Quote from the BBC article: "Rember, or methylthioninium chloride, is the first treatment specifically designed to target the Tau tangles." There was no "design". The effect was discovered entirely because of a laboratory accident with a common laboratory chemical. Quote from the BBC article: "Methylthioninium chloride is more commonly used as a blue dye in laboratory experiments. Professor Wischik discovered it by accident 20 years ago, when a drop in a test tube led to the disappearance of the Tau protein he had been working on."
It seems a bit odd that, if Professor Wischik discovered the effect 20 years ago, there is an investigation of the effect only now. Why the delay? What happened?
Cancer? The BBC article should have mentioned that the laboratory chemical they are now calling "Rember" is an aniline dye, that aniline dyes cause cancer, and that has been known for a long time. Quote from that web page: "A group of chemicals called arylamines are known to cause bladder cancer. These chemicals have been banned in the UK for about 20 years. But it can take up to 25 years for a bladder cancer to develop. You may have been exposed to them a long time ago if you work in industries such as rubber or plastics manufacture. Arylamines that increase risk of bladder cancer include * Aniline dyes
What that quote doesn't say is that direct chemical exposure can cause cancer immediately. How is it possible that "chemicals have been banned in the UK for about 20 years" can be given to people in the U.K. as a drug?
The title of the BBC article is NOT "Alzheimer's drug halts decline". It is "Alzheimer's drug 'halts' decline", but people with no professional writing experience will almost certainly miss the significance of the single quotes, which mean that a claim is merely being made, and the claim is not a verified fact.
The BBC article contains 539 words total. Of those, 243 words, more than half, are quotes. It seems that much of the article may have been taken from a PR release, with little or no critical thinking.
Calling the dye "Rember" encourages those with no scientific training in the field to believe that it will help them "Remember".
There are other odd aspects of the BBC article. The article says, "Trials of the drug, known as Rember, in 321 patients showed an 81% difference in rate of mental decline compared with those not taking the treatment." Does that mean there continues to be mental decline, but the decline is slower?
Later the article says, "Patients with mild to moderate Alzheimer's disease were given either 30, 60 or 100mg of the drug or a placebo. The 60mg dose produced the most pronounced effect - over 50 weeks there was a seven-point difference on a scale used to measure severity of dementia." How many points total are on the scale? Isn't that odd, that the 60 milligram dose worked better than a 100 milligram dose? How much better? Doesn't that say that there were really 3 trials, and one of the dosage levels was by chance statistically better than the others, so it was chosen to report the results?

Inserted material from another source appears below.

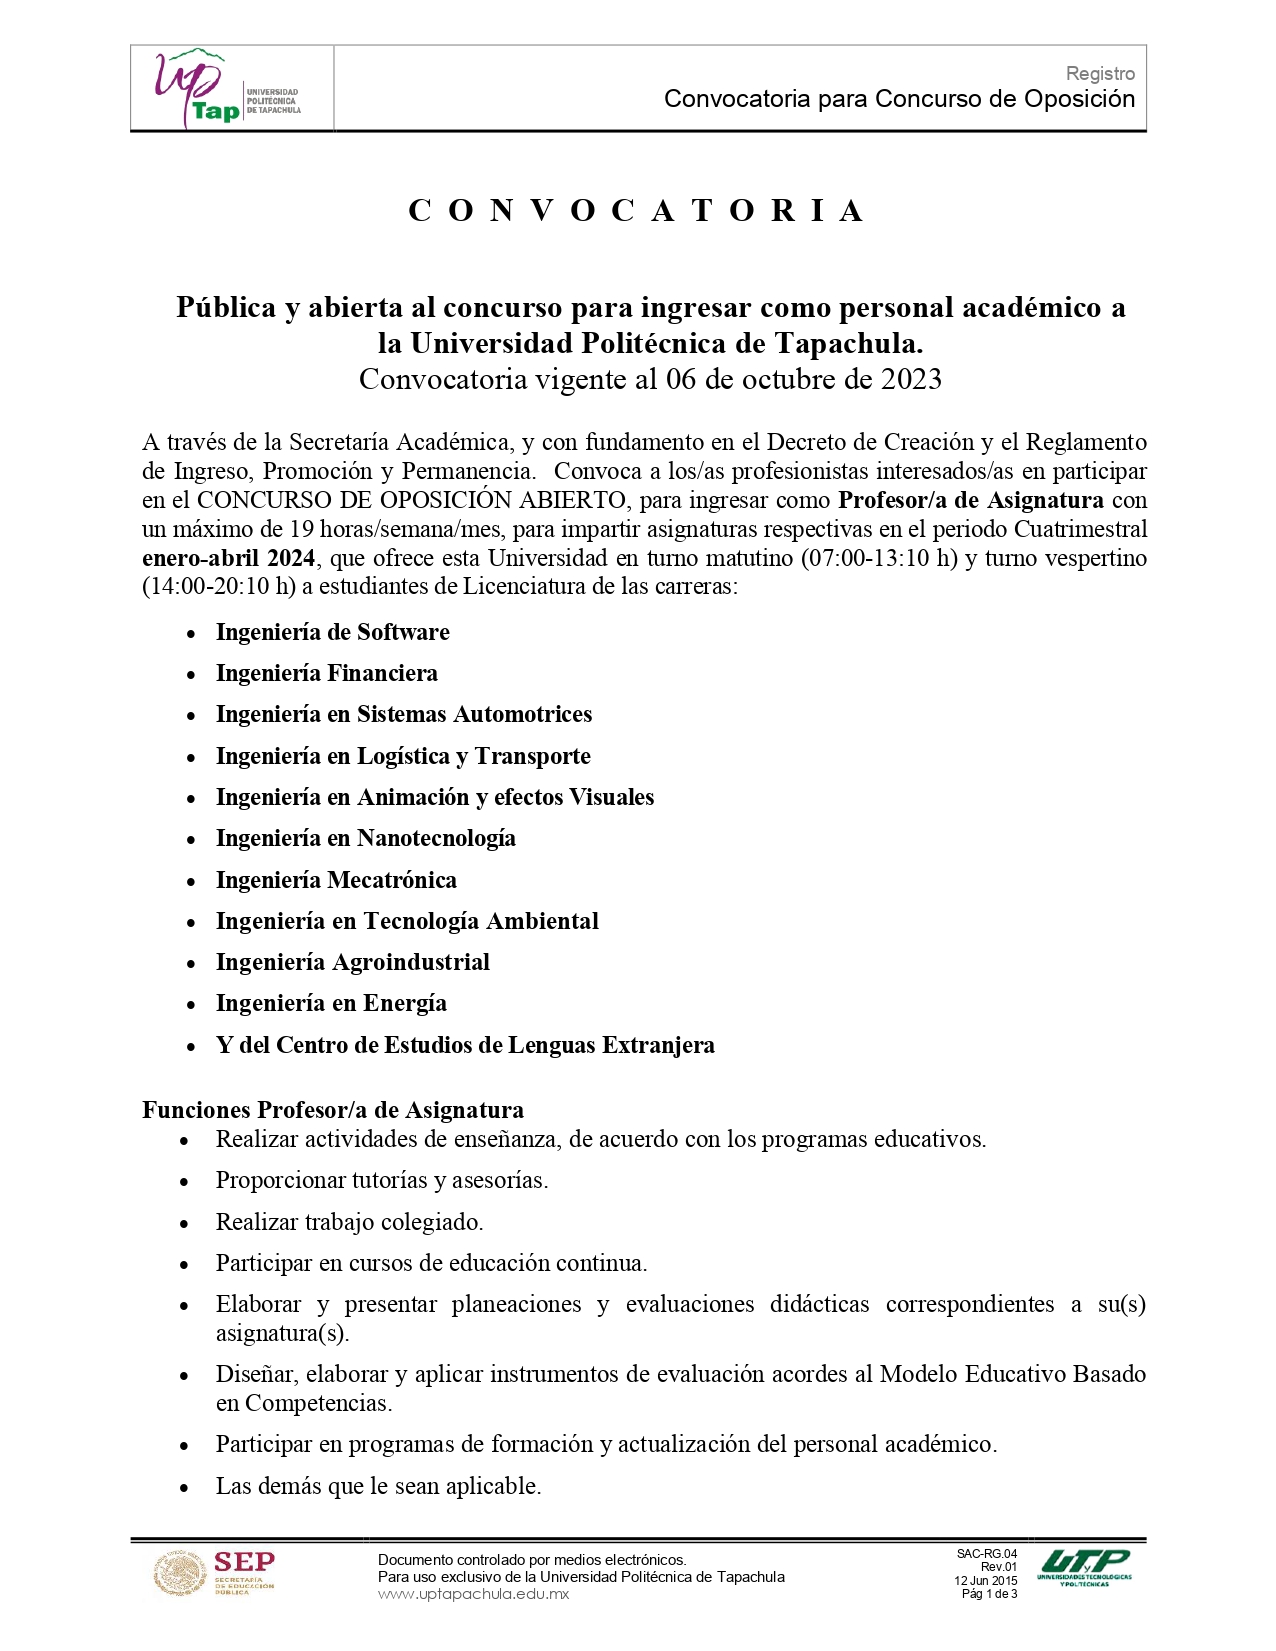 CONVOCATORIA PÚBLICA - CONCURSO DE OPOSICIÓN ABIERTO, para ingresar como personal académico.

The BBC article says, "At 19 months there was no significant decline in mental function in patients taking the drug, the researchers said."
What gets me is that 3 years ago, people found a direct link between HHV1 (Herpes Simplex 1 - the kind you get coldsores from), and Alzheimers; literally, the plaques are riddled with the virus.
Add into the mix the fact that new hi-res MRI devices show microbleeds all over the brain of most people, and that these break the blood/brain barrier in those areas, and it gives a very simple mechanism for the virus to get into the brain (even if it doesn't just travel up the neurons themselves).
Why are people focusing on the plaques and the tangles? We have a virus here that lives inside of neurons, which has been found and strongly correlated with the disease.
There are other classes of herpes virus which have similarly been implicated in brain cancer. This should be a big fat red X marks the spot. But most researchers are too specialized.